Pairing Pool Blue with a blue-gray floor or cabinet finish doubles down on cool tones and can make a space feel chilly and flat, especially in rooms with limited natural light.
Purple undertones clash visually with the green component in Pool Blue, creating an uneasy muddiness rather than a pleasing contrast.
Common questions
Pool Blue has an LRV of 48.35, which puts it right around the midpoint of the light-to-dark scale. It is not a dark color, but it is not a light pastel either. It will absorb a moderate amount of light and reads as a true, confident color on the wall rather than a tinted white.
Satin is the most practical choice for bathrooms. It is easy to wipe down, holds up to moisture better than eggshell or matte, and it will give the color a slight sheen that plays nicely with the watery quality of the hue. Semi-gloss works on trim and is fine for a smaller powder room if you want a little more pop.

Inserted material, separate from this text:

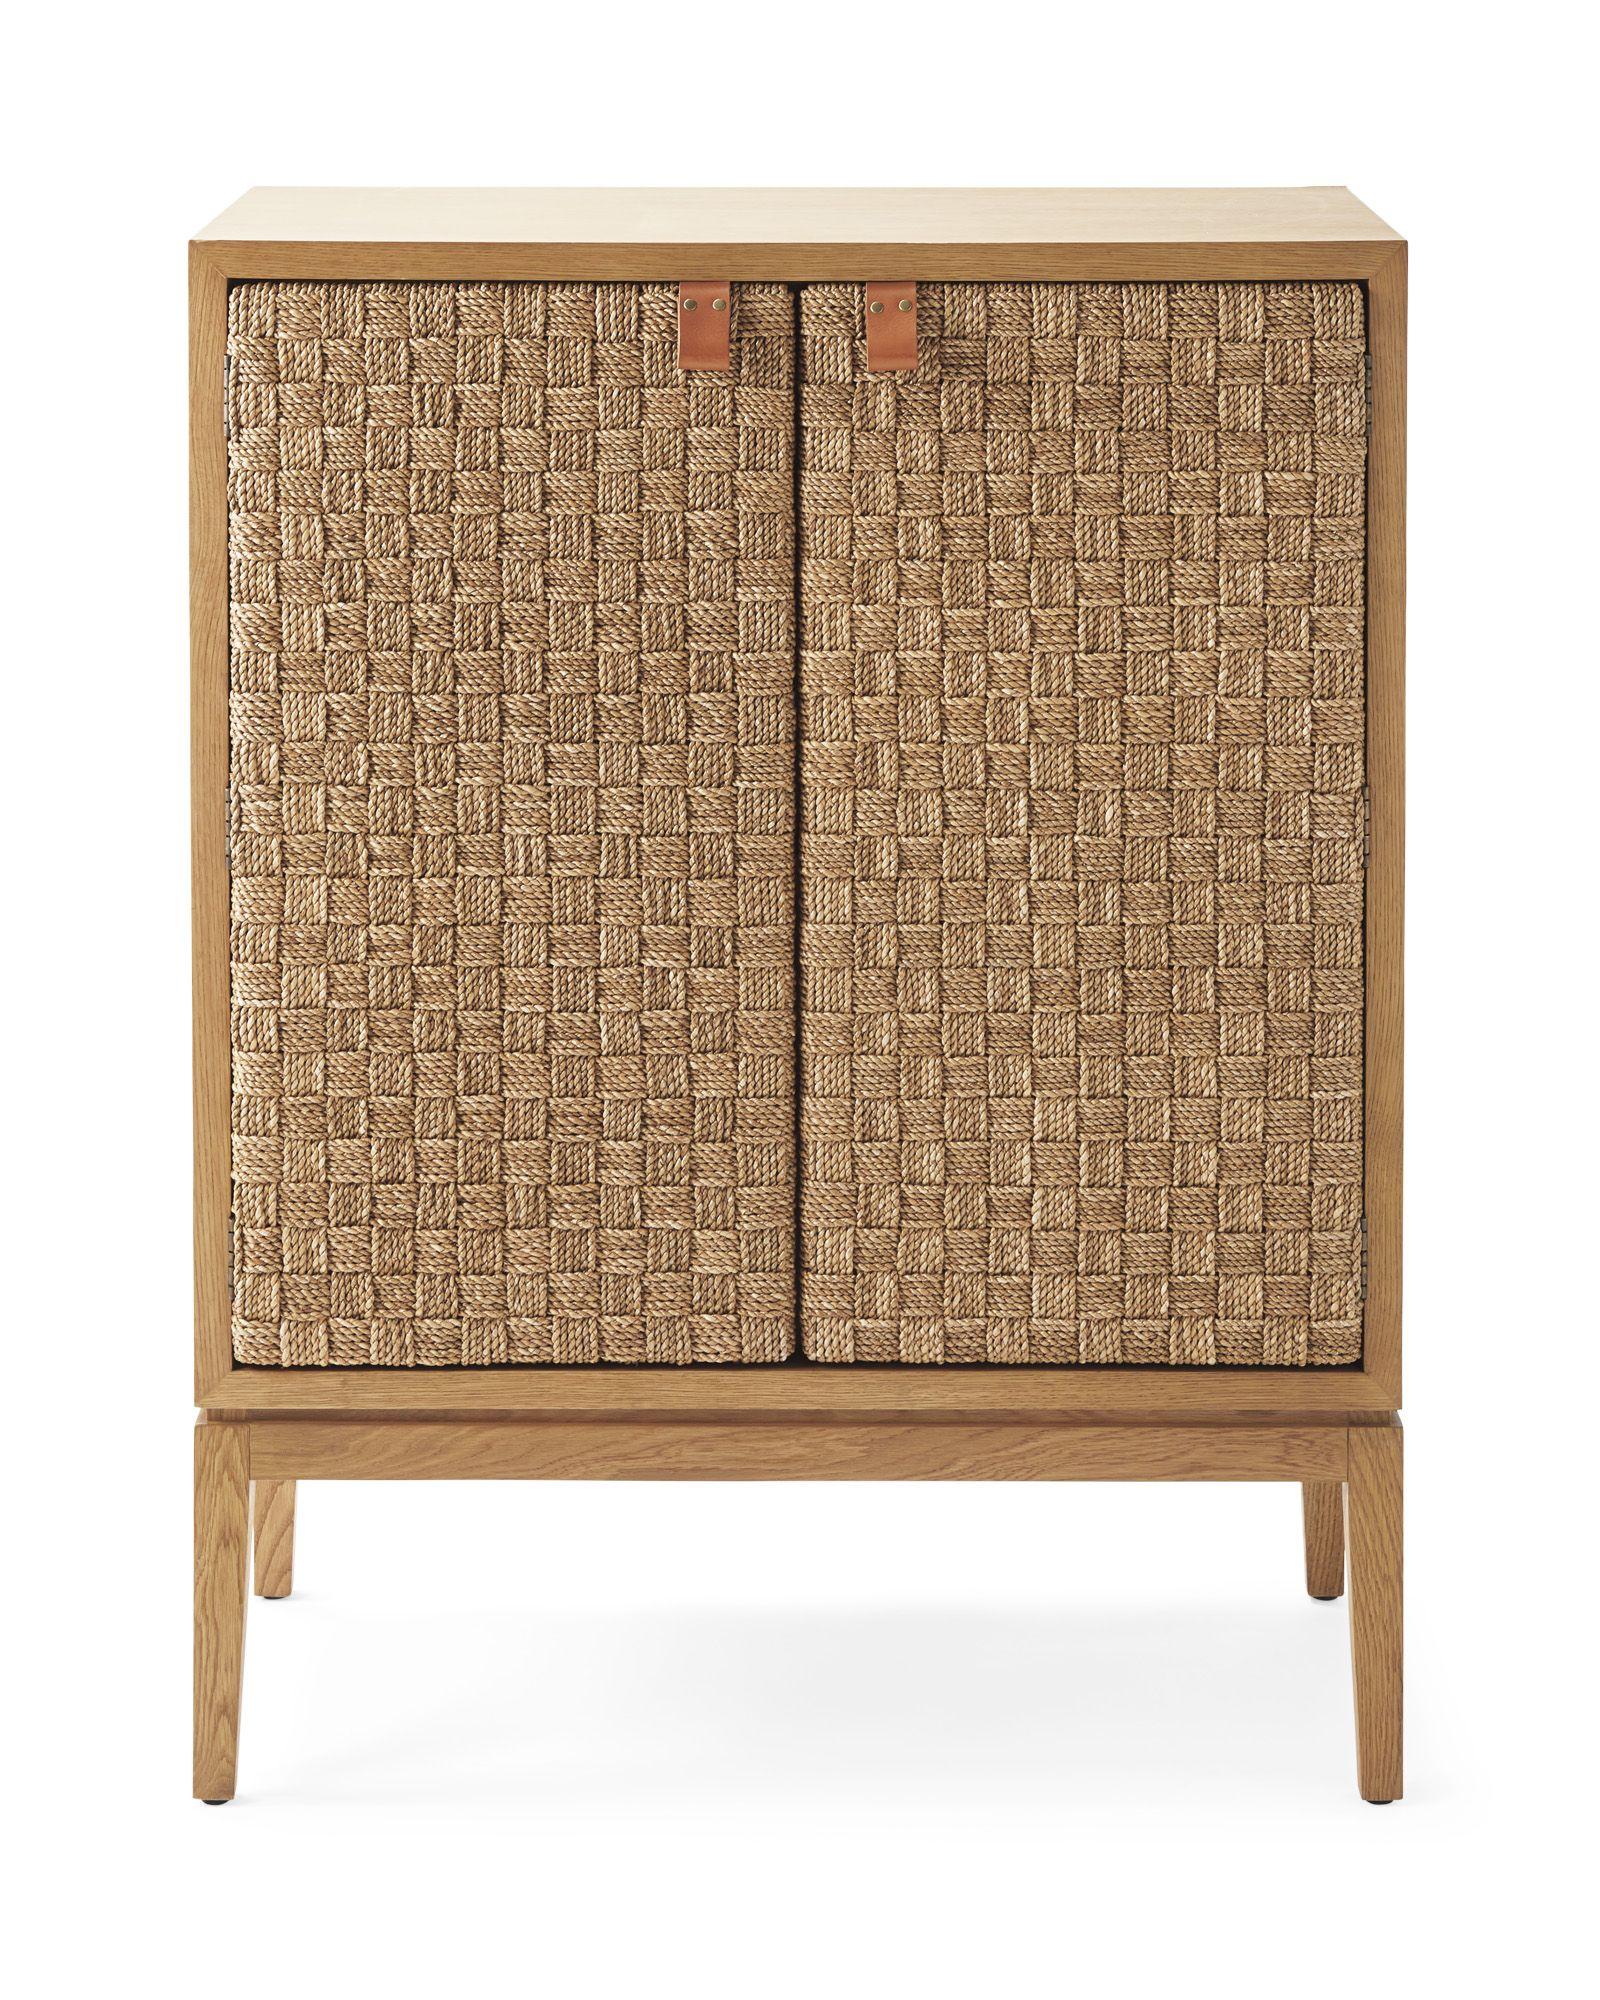 Phenomenal Inexpensive Furniture Uk Download Free Architecture Designs Intelgarnamadebymaigaardcom

Yes. Under warm incandescent or warm LED light, the green component tends to become more noticeable and the color can shift away from the crisp aqua you see in daylight. Test a large painted sample on your actual wall and look at it in the evening before committing.
Yes. Benjamin Moore offers this color in both interior and exterior formulas, which makes it a practical option for shutters, doors, or porch details as well as interior rooms.